DevOps is pushing Performance and Security to the Forefront

Updated: Sep 13

The DevOps philosophy is on its way to change our whole development chain which we’ve followed over many years, and especially once neglected disciplines such as security and performance testing will move to the forefront soon. In this post, I will outline the reasons for this development.

Nowadays, fast time to market is essential for the success of many businesses because the competition is high and addressing market needs fast guarantees more revenue. Organizations tend to release new products earlier to their customers and accept certain risks just to win the race against their competitors. At the same time, new technology appears on the market, which brings significant changes in many sectors. There is Docker, the new container technology which will change the way how we deploy and operate applications entirely.

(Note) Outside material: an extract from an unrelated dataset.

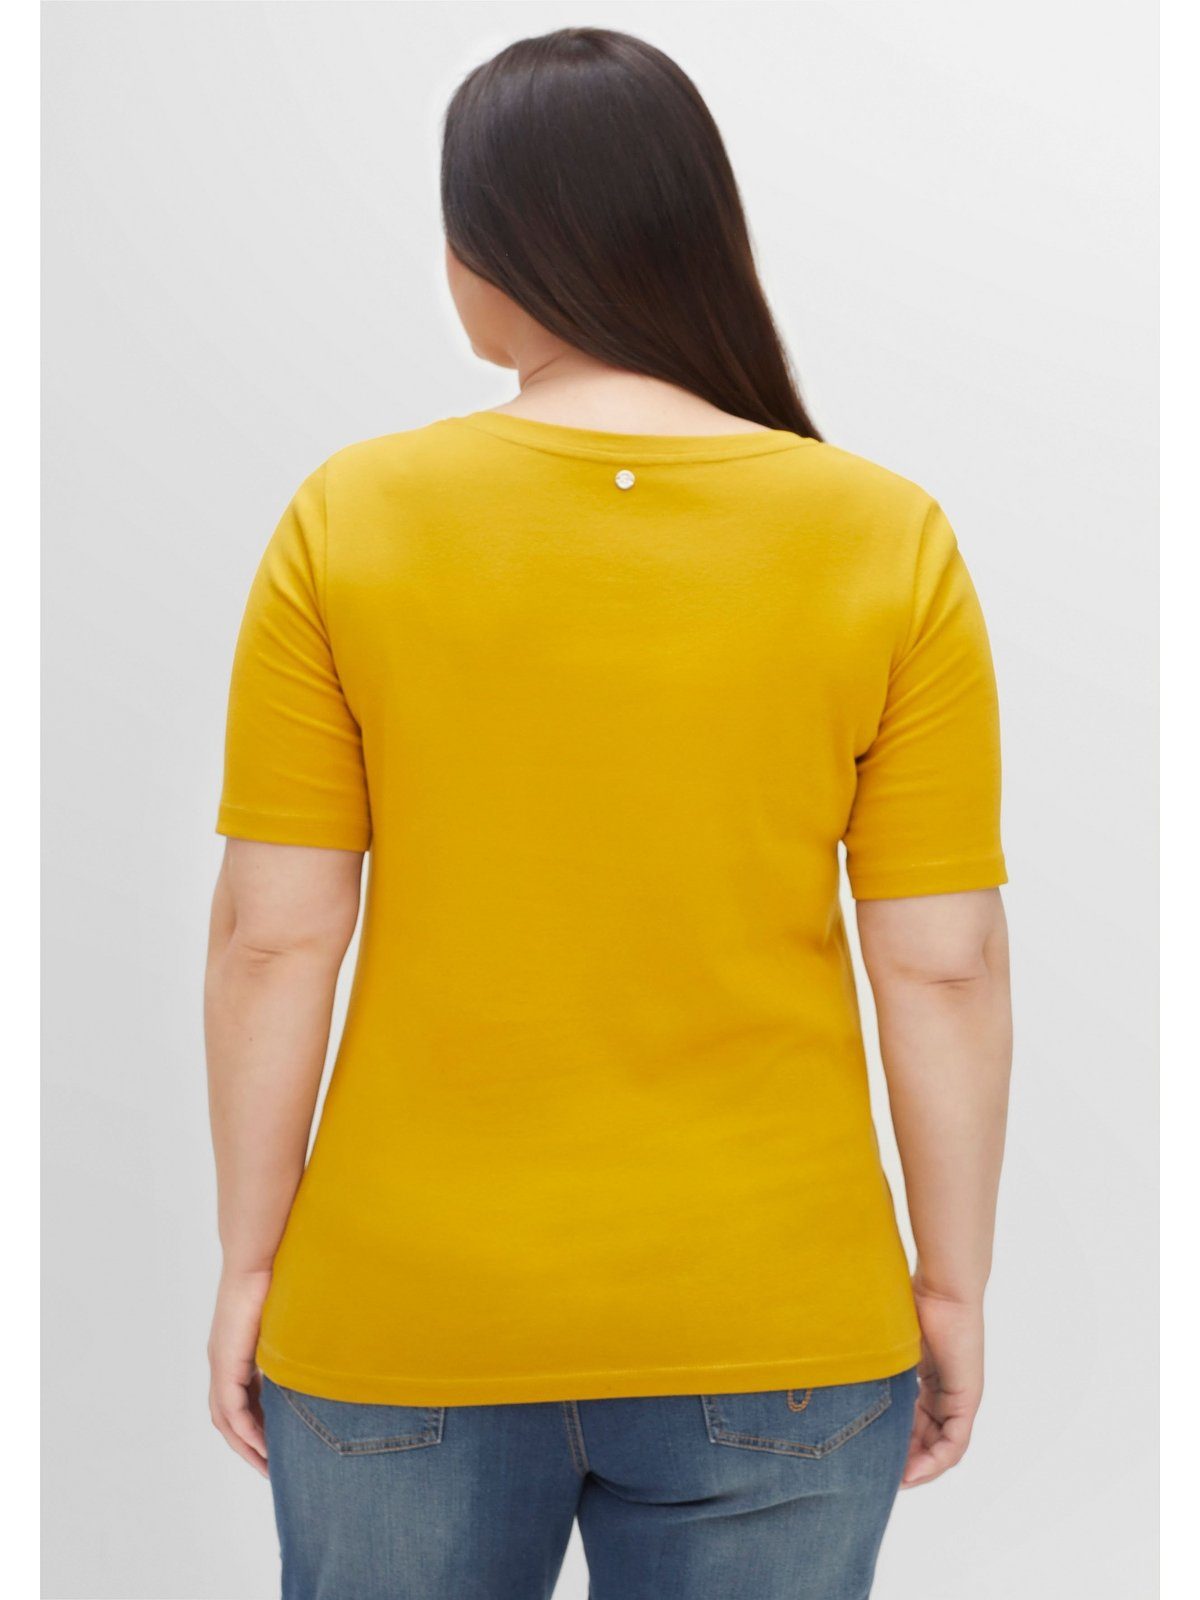 Sheego T-Shirt Große Größen Rippstruktur, mit Knopfleiste senfgelb in

QA teams often rely on manual regression tests to guarantee the core functionality, enriched with a few verifications of the new or changed features. Due to severe time constraints, testers often have not enough freedom for performance or security tests. Even release sprints are too short for proper maintenance of automated tests. Frequent changes make automated test execution anyway useless.


Strategies to deal with this dilemma


1. Make performance and security everyone’s matter

You can’t do more in less time, so your only chance to win the battle against short testing cycles is to involve earlier and later stages in your QA activities. Many leaders talk about shift left and preach this to their folks. Developers are already doing a good job when it comes to unit testing. However, response times or secure code analysis is still neglected in those early stages. Static application security tests are easy to automate. Choose a flexible platform which can scan your source code and provides insights about actual vulnerabilities as soon the code gets checked in. The same applies for load and performance tests. Select your core services, schedule a daily concurrent user load test and compare response times fully automated with corresponding baselines.

Earlier deployments into production increase the likelihood that our customers will be affected by more errors. Quick problem detection and drill down into the actual cause of those issues is therefore absolutely required to eliminate those hotspots. Therefore, consider a shift right and continue your QA and monitoring activities at production. Application performance and user experience monitoring platforms are a good starting point because they allow you to capture all transactions, identify problem spots and give your developers insights of what was causing certain issues.

2. Automation

You can’t test hundreds of test cases manually within the short DevOps sprints. Even if there are plenty of resources, they won’t be able to run performance or static code reviews with the same precision as a machine could do this job. Forget manual repetition of the same actions and automate your functional, performance and security tests early in your development lifecycle. This will give you more time for complex test cases and increases the test coverage at the same time.

3. Breakup the walls

It’s time to forget the organizational walls and enhance cooperation across units because you won’t have enough time to investigate all issues by yourself. Let developers support error analysis at production and share collected metrics with those specialists. They are familiar with the new features since day one, which will reduce the mean time to repair significantly. The same principle applies for a participation of Ops teams during Dev and QA. If those specialists get in touch with the new solution from day one they learn the internals of this new applications and are much faster when it comes to error analysis.

There is no doubt, DevOps is no cakewalk, but if you improve cooperation, forward-thinking and automation you will make a good step towards fast release sprint with less re-work.